In the last week or so, I
have been offered, via email, the opportunity to apply for a job: as a sales
estimator, emergency room nurse, refrigeration technician, optometrist, sandwich
engineer, quality assurance software tester, customer service rep, computer
programmer, hospital CEO, and manager trainee.
At first I was pleased
that the person who gave them my name as a possible employee was so impressed
with my skills, that I would be able to do all those different jobs. Then it
occurred to me what whoever wants me to get a job must be quite desperate,
willing to suggest me for any job that came along. I am pretty sure I know who
gave those potential employers my email address. As George Weiss’ wife said, “I
married George for better or for worse, but not for lunch.”
When we lived in Sterling,
IL, a new restaurant was opening up in the mall where we walked in bad weather.
They had a big sign in the window saying that they were hiring. Many married
couples walked by that sign. There was never a time, not one, when I was within
hearing distance, that a wife did not say to her husband as they walked by,
“You know, you could get a job there.” The average age of the husbands was
about 85. You’ve got to hand it to those wives for continuing to hope.
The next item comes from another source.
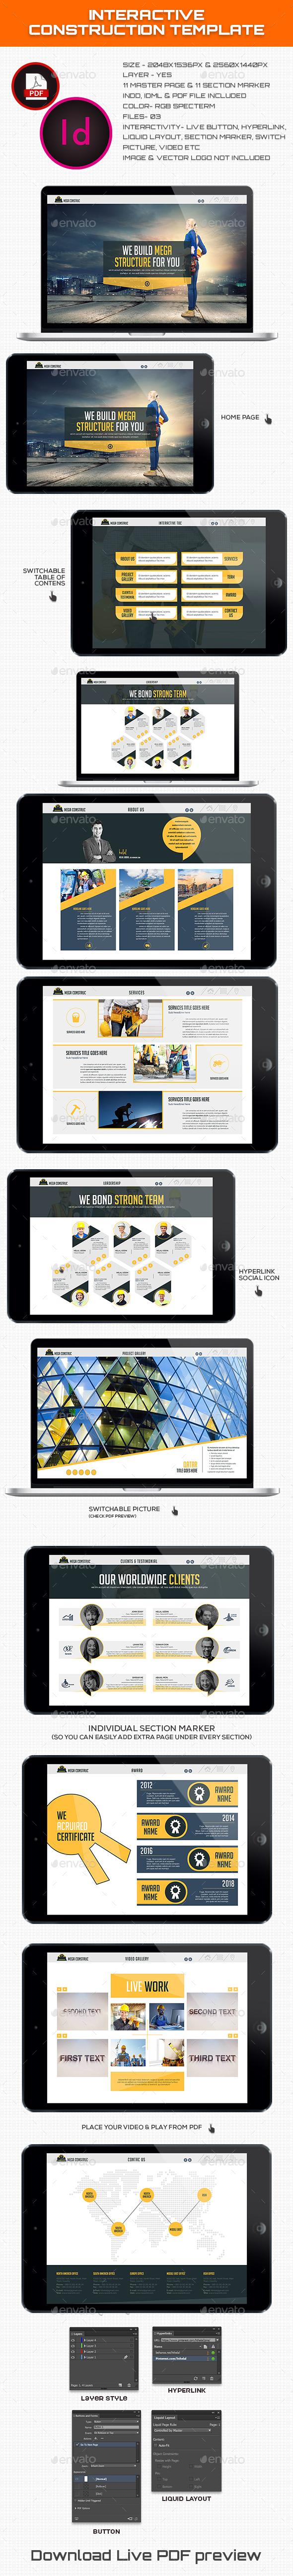 Interactive Construction Template - ePublishing

I am often tempted by such
signs myself. Even those emails. I don’t trust invisible money. I like to get a
check, or a handful of cash, at the end of each week. So I think about what fun
it would be to work at Wal-Mart, ignoring customers so I can complain to my
fellow employees about who is taking her break out of turn.
I do have some work
experience—farm hand, detassler, hod carrier, carpenter’s assistant, gas
station attendant, tester and adjuster of electrical relays, bus boy, janitor, carnival
roustabout, social worker, commercial actor. I imagine any one of those is more
likely to get me an interview for a job as sandwich engineer or hospital CEO
than “preacher.”
That’s why I don’t even
bother to apply. As soon as you tell an employer that you used to be a
preacher, they suddenly have to go a meeting and say, on the way out the door,
“Don’t call us; we’ll call you,” which, of course, they never do… until they
need someone to officiate at their kid’s wedding or their parent’s funeral.
And when they do, I’m
going to charge them big! I have to; I can’t get a different job.
John Robert McFarland
No, I’m not writing again.
I’m just trying to gain control of my keyboard by making it produce random
thoughts out of random words out of random letters, the way those ten thousand
monkeys with typewriters used to produce “The Encyclopedia Britannica.”